Case study prompt builder
A customer case study sells by proof, not adjectives. The best ones follow a simple arc — the challenge the client faced, the solution you delivered, and the results you can measure — and they lead with the strongest number. This builder takes your client, problem, solution, timeline, and outcomes and produces an LLM prompt that writes to that arc, foregrounds the hard metrics, and refuses to invent any figure you did not provide. You bring the prompt to your model and verify the draft.
How it works
You enter the client (named or anonymized), the problem they faced, what you did,
the implementation timeline, and the measurable outcomes. The tool assembles a
prompt that instructs the model to open with the headline result, structure the
body as challenge → solution → results, weave in your metrics, and write a
suggested pull-quote placeholder if you have no real quote. It bans fabricated
data and inserts [CONFIRM: …] placeholders for gaps. Everything runs locally
until you paste the prompt into your LLM.
What separates a persuasive case study from a weak one
The most common failure in case study writing is omitting the “before” state. Readers cannot judge an outcome without the baseline. Compare:
- Weak: “We helped Acme Corp improve customer retention.”

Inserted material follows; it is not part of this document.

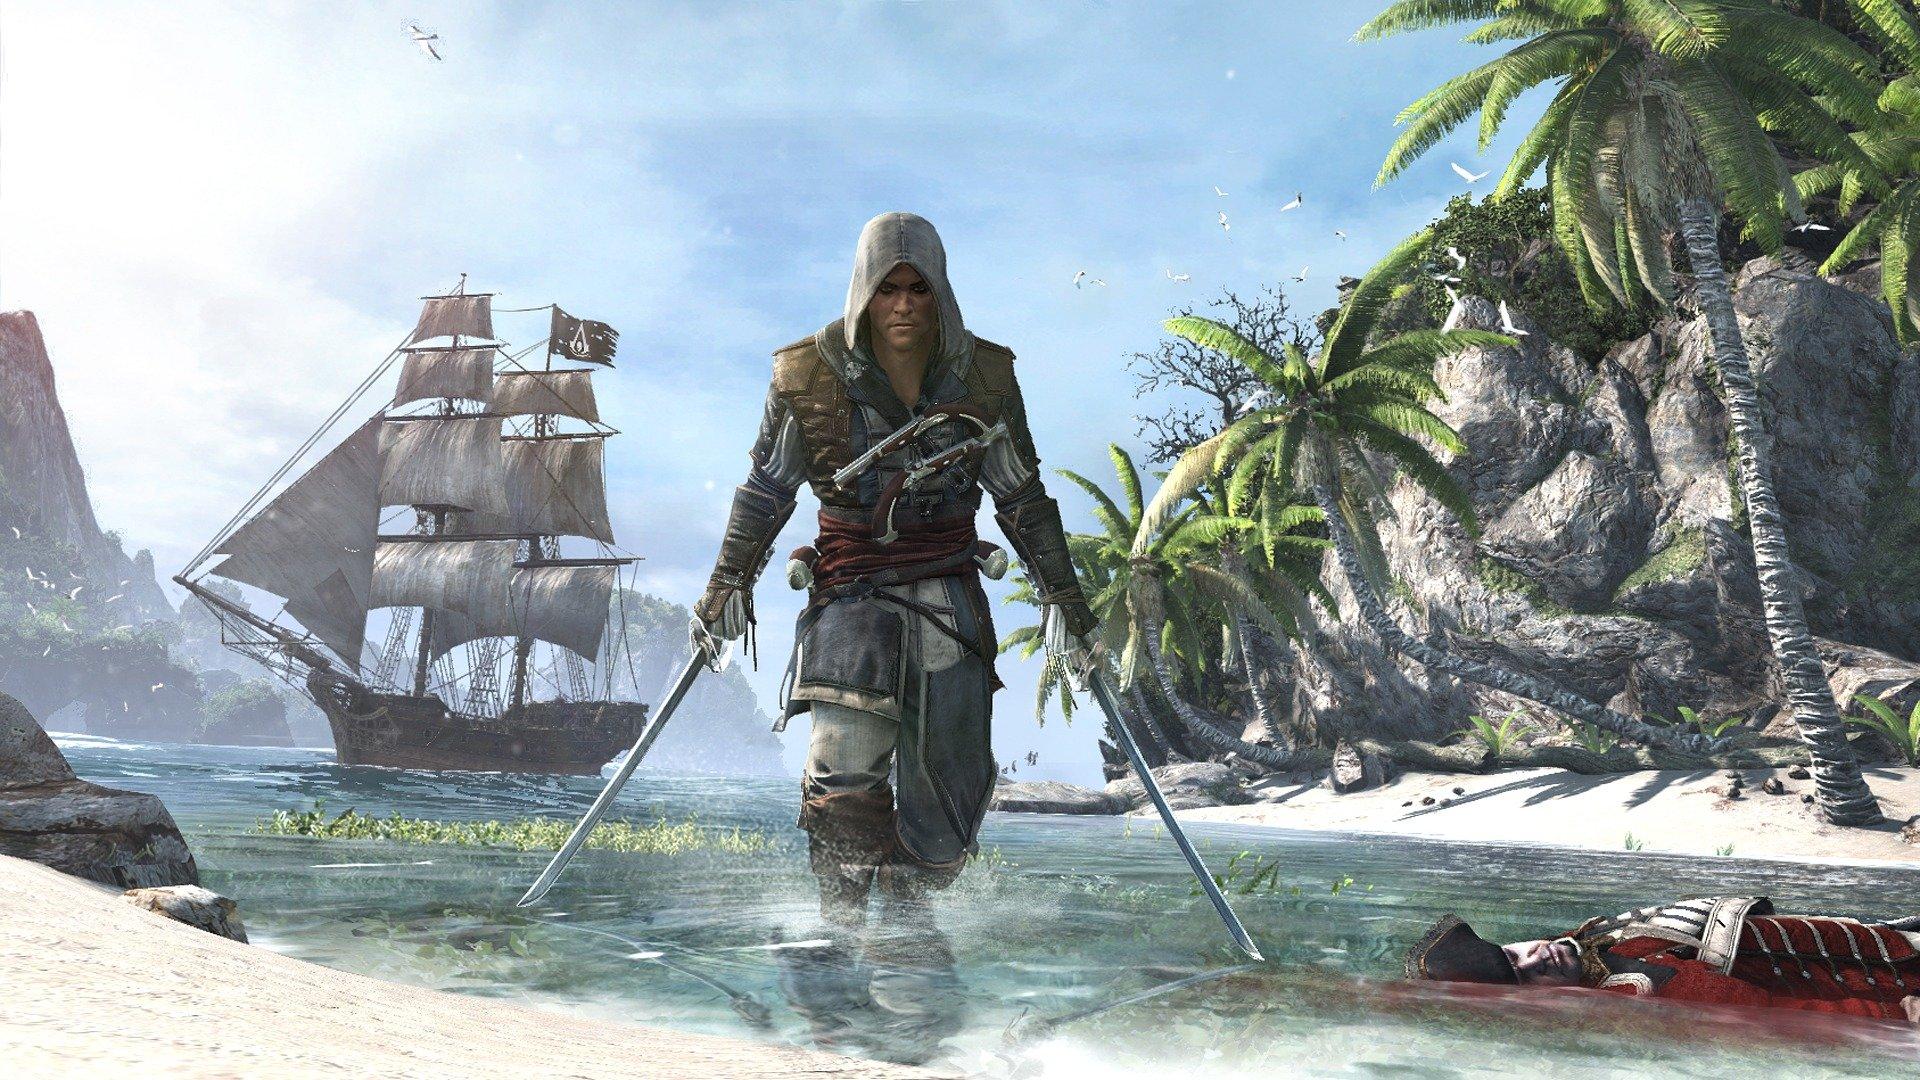 Голливудский актер Майкл Фассбендер заверил поклонников, что работы по созданию фильма Assassin's Creed идут полным  ... - Изображение 1
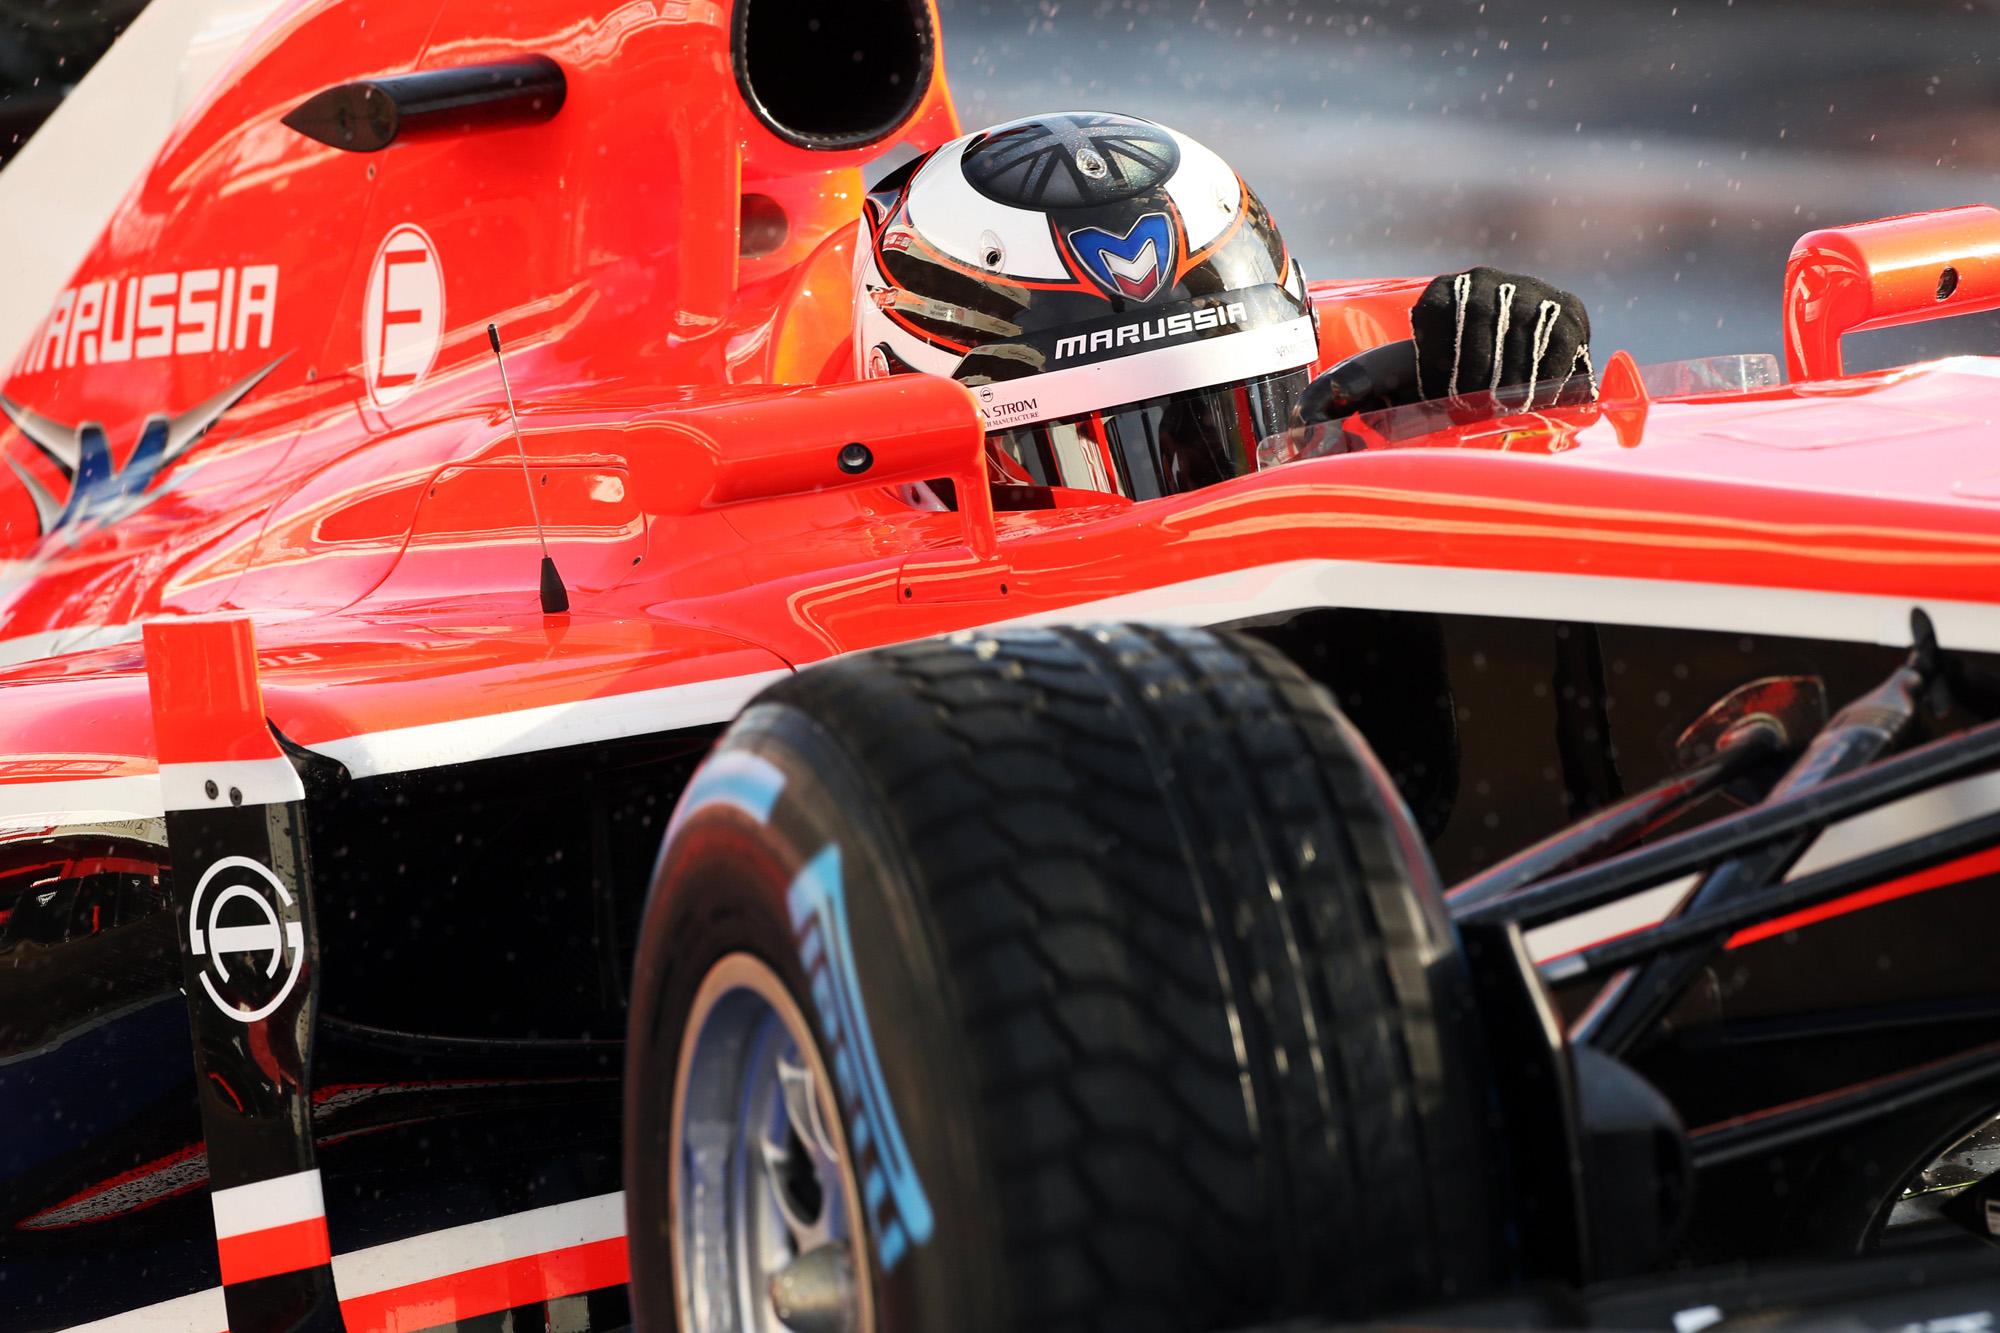 Maurussia F1 Team Car (Sponsored by Armin Strom)

- Strong: “Acme Corp’s annual churn rate fell from 28% to 11% in six months.”
The second version gives a reviewer everything they need to evaluate the claim: a starting point, an ending point, a metric, and a time frame. The builder prompts you to supply all four, and the generated prompt instructs the model to foreground them in the opening line.
How to handle anonymized clients
B2B confidentiality often prevents naming clients. Effective anonymization preserves credibility without naming names:
- Use the industry and company size: “a Series B SaaS company with 120 employees.”
- Add the region if it matters: “a UK-based logistics provider.”
- Keep the metrics real — the numbers are what build trust, not the brand name.
The prompt builder adapts to either a named client or a descriptor. Anonymized case studies perform nearly as well as named ones when the outcome data is specific.
A note on attributed quotes
A quoted voice makes a case study more human and more believable. If you have a
real quote from your client, paste it into the notes — the prompt will weave it
in and mark it for attribution. If you do not have a quote yet, the prompt
inserts a clearly labeled [QUOTE: confirm with client before publishing]
placeholder, so you remember to collect one rather than publishing without it
or letting the model invent words in your client’s name.
Tips and examples
- Lead with the best number. If onboarding time dropped 60%, that is your opening line — the prompt is built to surface it.
- Quantify the before state too. “From 40 support tickets a day to 12” is stronger than just the after figure.
- Use a real quote if you have one. Paste it in; otherwise the prompt marks a placeholder rather than inventing words.
- Keep the timeline honest. Vague “rapid implementation” erodes trust. If it took three months, say three months — a realistic timeline is more credible.
- Verify every claim. A case study is a public, attributable document — check each figure against your records before it ships.